I rush toward his night table, put down the light, and then back off once more facing my enemy like a retreating soldier. Groping with one hand I find the door handle, and slip through into the dark space of the landing.
“You're as stupid as your mother!” The words slice through the closing stripe of the door crack.
In the darkness now, holding the untouched, poisoned food bowl, the reality of failure descends. Moments ago, just after my hand jerked the bowl away, I was thinking not of failure, but of a change of heart. What did this man mean to my mother? the question prodded me. I was acting for her if I was acting for anyone. To kill where she loved was surely a betrayal. Then, when I looked upon my victim with his sunken cheeks, his palsied strands of hair, and the froth of sleep on his lips, angels of pity had swirled in my blood. He was a babe again. No matter his crime, no matter what obstacle to the fortunes of others he might represent, he was defenseless and old. Nothing can blunt the blade of vengeance as swiftly as advanced years. All journeys end in the feebleness of their beginnings, in the spawn of helplessness from which all life rises and to which all life returns. The time for vengeance had passed.

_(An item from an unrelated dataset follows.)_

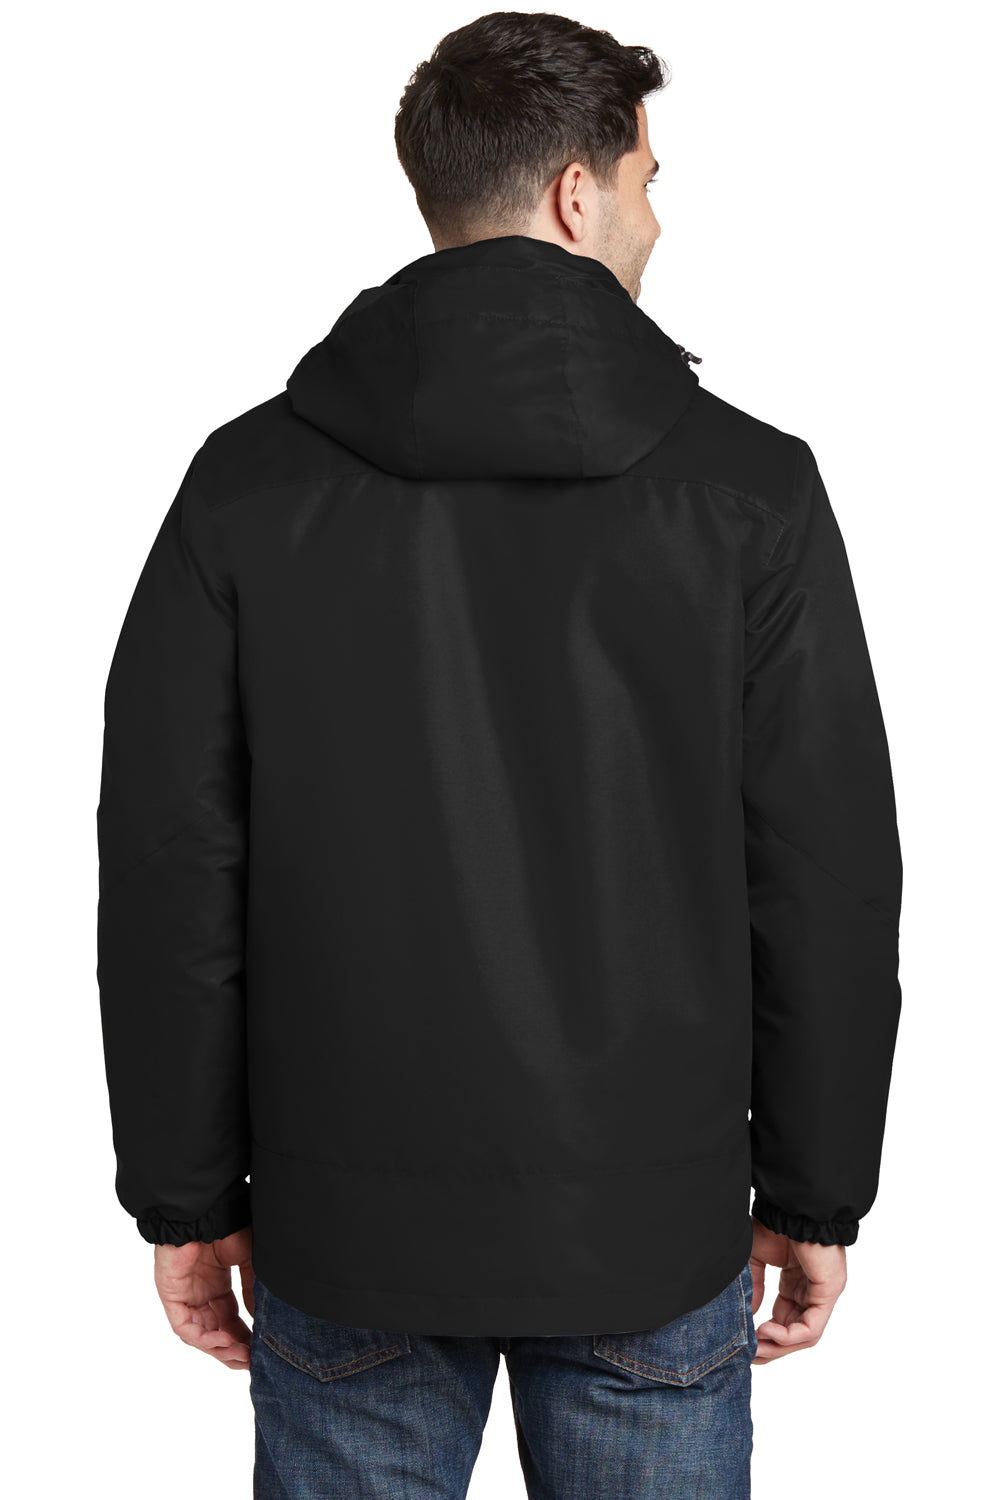 Port Authority J332 Mens Vortex 3-in-1 Waterproof Full Zip Hooded Jacket Black Back

All this I thought in mere moments after withdrawing the poison. Fear makes alibis grow with tenacious speed, with plump leaves and elaborate entwining branches.
Stupid
as your mother!
His rusty cane scores me again in the darkness. Did she also try to settle a score? I wonder. Did she make some plea for recognition for herself or for me?
My heart thumps hard. If I could return to him now with the same bowl, I would. But this time he would surely suspect. The discipline of morals weighs upon me like some ungodly chain as I make my way through the descending darkness. The angels of pity were demons in disguise. The spoon bumps against the bowl rim and the thought passes through me that someone must take the poison, so it might as well be me.